Thursday, December 10, 2015

The car is king in Texas

In my series of dispatches from Fort Worth I was waxing about the walkable downtown and the place making qualities of Sundance Square Plaza. Those advances should not cover up the overwhelming reality of car dominance that is felt right around the downtown core through a set of freeways cascading through neighborhoods and making the growing city rather disjointed.

There are promising examples of urban repair such as the Lancaster Avenue boulevard reconfiguration in which highway 30 was actually widened and increased in capacity which would it have happened at grade or in the old alignment would have threatened the historic post office within inches. So the entire freeway was actually pushed north and the old right of way is now in the process of being reconfigured as a six lane urban boulevard. But the elevated and widened I-30 is a significant barrier separating a thriving downtown from an equally thriving Near Southside with its burgeoning arts district around Magnolia Avenue and its two affluent historic districts.

I-35 separates downtown from the Trinity River and where I-30 and I-35 intersect a multi-tiered spaghetti bowl of an interchange has sprung up that casts its noise from some 70' height.

For a city of over 800,000 residents Forth Worth has a very anemic bus system running about 180 buses (compared to Baltimore's 800 buses.
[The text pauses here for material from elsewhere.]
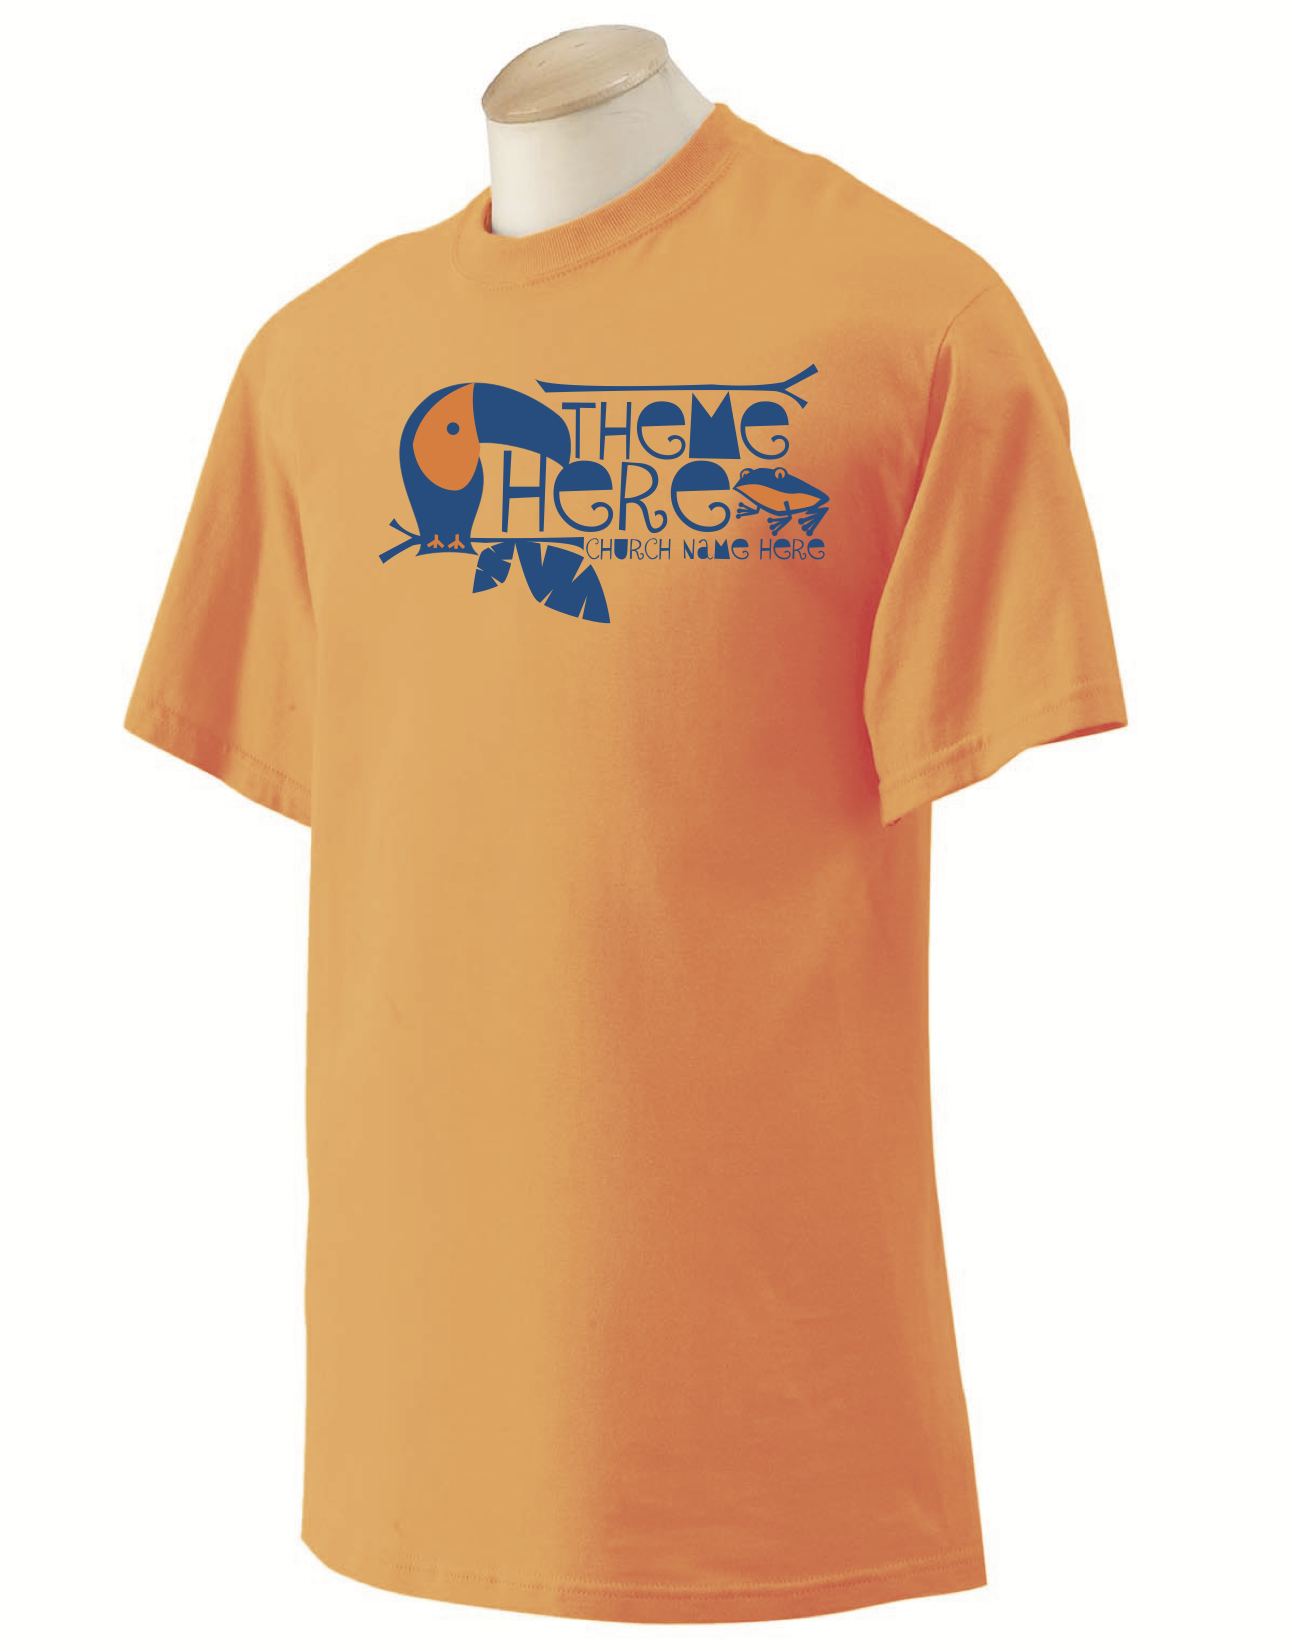 rainforest 1 orange shirt.jpg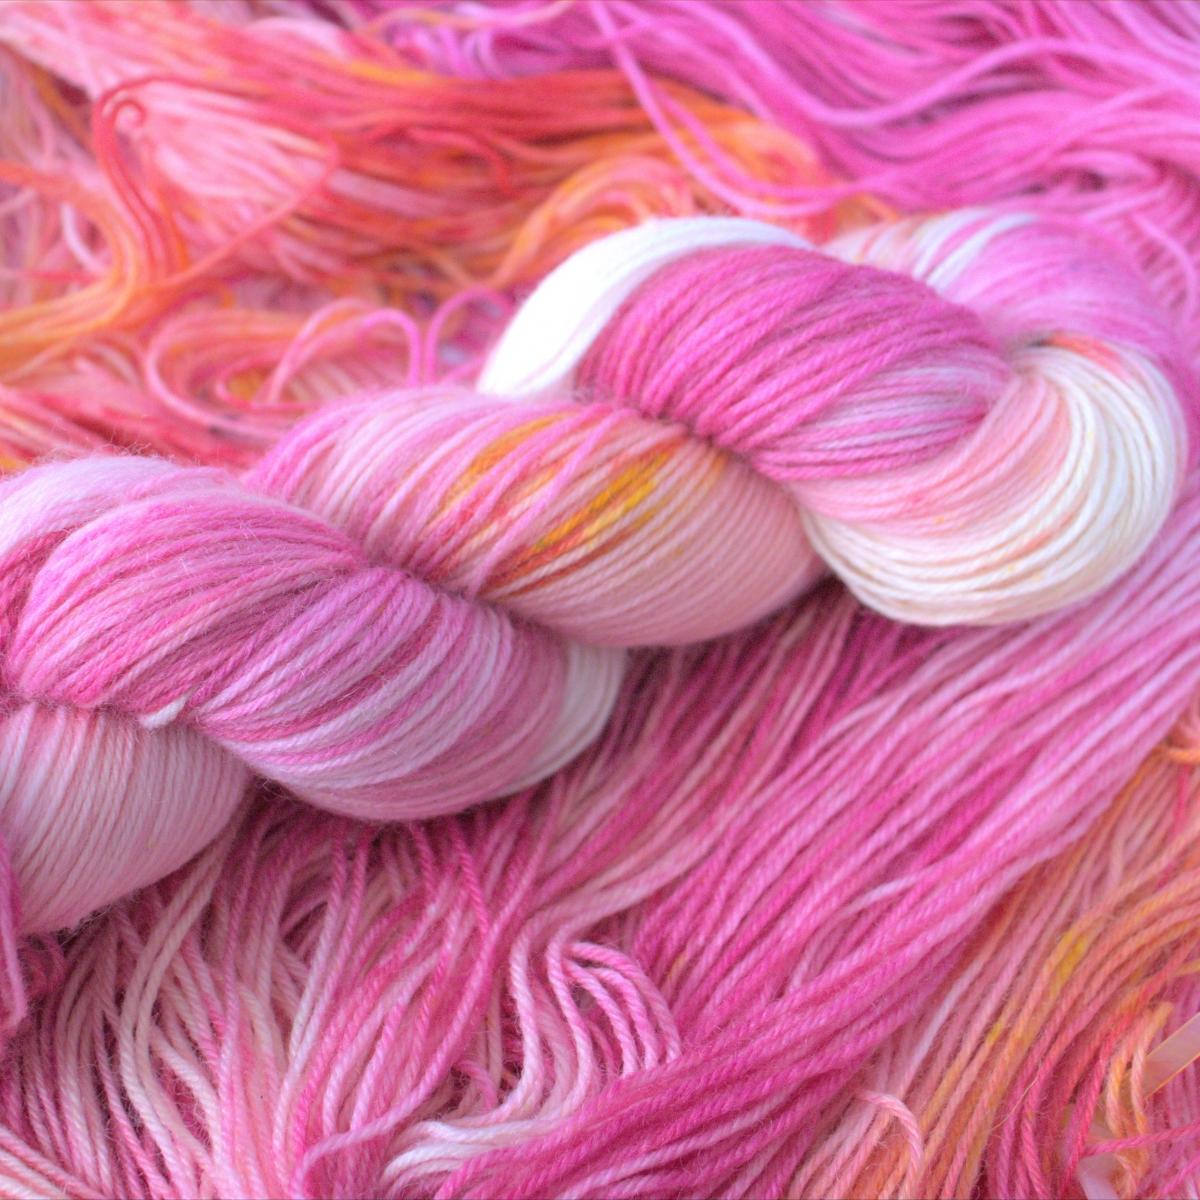 woodico.pro hand dyed yarn 053 1200x1200 - Hand dyed yarn / 053

Some smaller cities such as Arlington have banned transit from their city limits. The region and TxDOT are studying an option to extend a high speed rail line that is envisioned to go from Houston to Dallas to the city and it will also soon have a railway line connecting downtown to the Dallas-Fort Worth Airport. A streetcar project that had been fully funded was recently killed though.

For the time being, car dominance is pretty much guaranteed.